The vast majority of children born in Pakistan are healthy, but every year, some children are born with serious diseases or birth defects. The closer the blood relation between the parents, the higher the risk. If parents are cousins, the risk of having children with diseases and birth defects is twice as high as when the parents are not related.

The risk is also increased if there are many marriages between blood relatives in the family, so that the husband and the wife are related to each other in several ways. Close kinship between parents also increases the risk of stillbirths (death in mother’s womb after the 21st week of pregnancy) and infant mortality (death in the 1st year of life), and shortens life expectancy (death at all ages up to maturity).

There are many motives why offspring born with diseases and birth defects. In most of cases, the reasons are in the genes we inherit from our parents. We all carry genetic imperfections that can lead to diseases in ourselves or in our kids. Usually this does not happen because we have duplicates of every gene. If the one fails to work due to any defect, the other can generally do the job.

Both the mother and the father can have one or more genes that can lead to a disease without being ill themselves, and without any of their offspring being ill. For the children to get the disease, they have to inherit a defect in the similar gene from both parents. The risk that the mother and the father both have the same genetic defect and that it will result in disease is usually very low, but it increases when parents are close blood relatives. This is because both may have inherited the same genetic defect from their common descendants.

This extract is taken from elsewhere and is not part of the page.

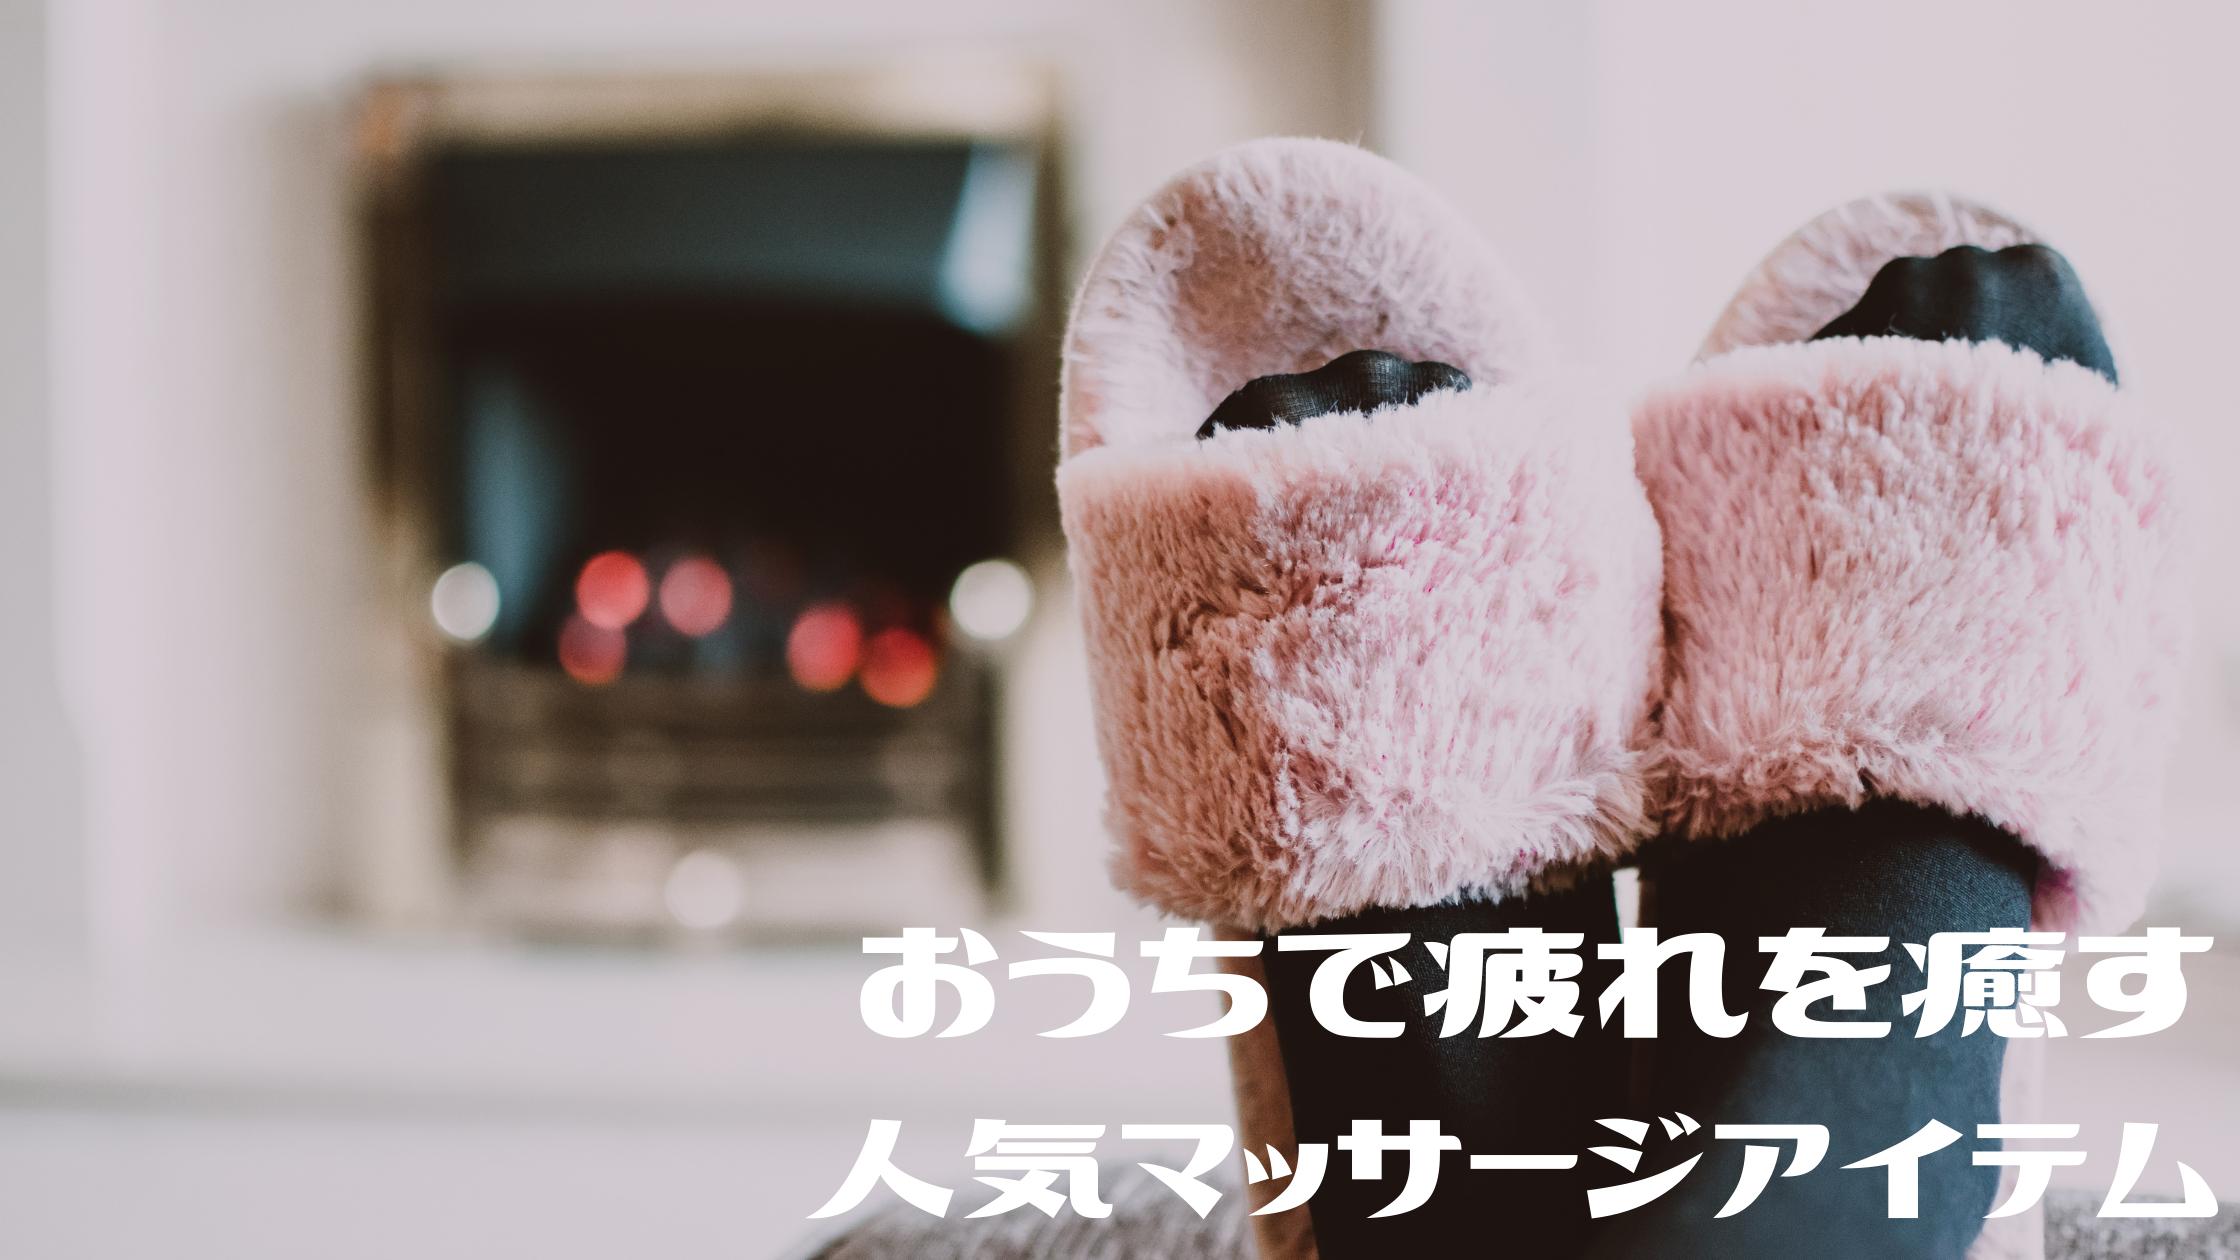 売れ筋【お手軽マッサージ】『ホットネックマッサージ』『手首マッサージ』『耳つぼで美容』

I want to share a case of 2 years old twin baby girls, presented to me in Rehman Medical Institute suffering from severe type of anemia. After lab tests both two girls were diagnosed as thalassemic. After getting history I found their parents are first cousins and both are carries for thalassemia.

Although all diseases and abnormalities are not inherited, but we should keep in mind that even conditions inherited due to kinship are low in ratio but often very serious. Such conditions include metabolic diseases, skin diseases, blood diseases, psychiatric diseases, physical and mental development problems, as well as problems with hearing or vision.

These conditions often caused a high risk of repetition of specific inherited diseases. During my research and medical practice in Peshawar, Bajaur, Mardan, Islamabad and even in middle east (Saudi Arabia) I have seen many cases where several children in the same family inherited the same disease. It happens when mother and father have a defect in the same gene, there is a 25 per cent chance that their children will be born with that particular disease or congenital defect. In this situation risk is the same for each pregnancy. This conditions also can lead to stillbirths, infant mortality and a shorter life expectancy.

I would like to suggest married couples, if you are blood relatives and you already have one or more children with a debilitating disease or birth defect, then you must go for genetic consultation and counseling. During the consultation, you can also discuss with your doctor, what can do if you have a child or expecting a child with a hereditary disease, whether the disease can be treated and who might be able to help the child and the family.

Genetic counselling also includes information about the possibilities for blood screening and other appropriate examinations for the husband & wife, the fetus, and any children and other family members. If the genetic defect that caused of any disease in the family is known, a gene test can determine whether or not an individual carries the defective gene. Moreover, it’s an advice for cousins who planning to marry, they should have to go for premarital blood screening including blood group compatibility test.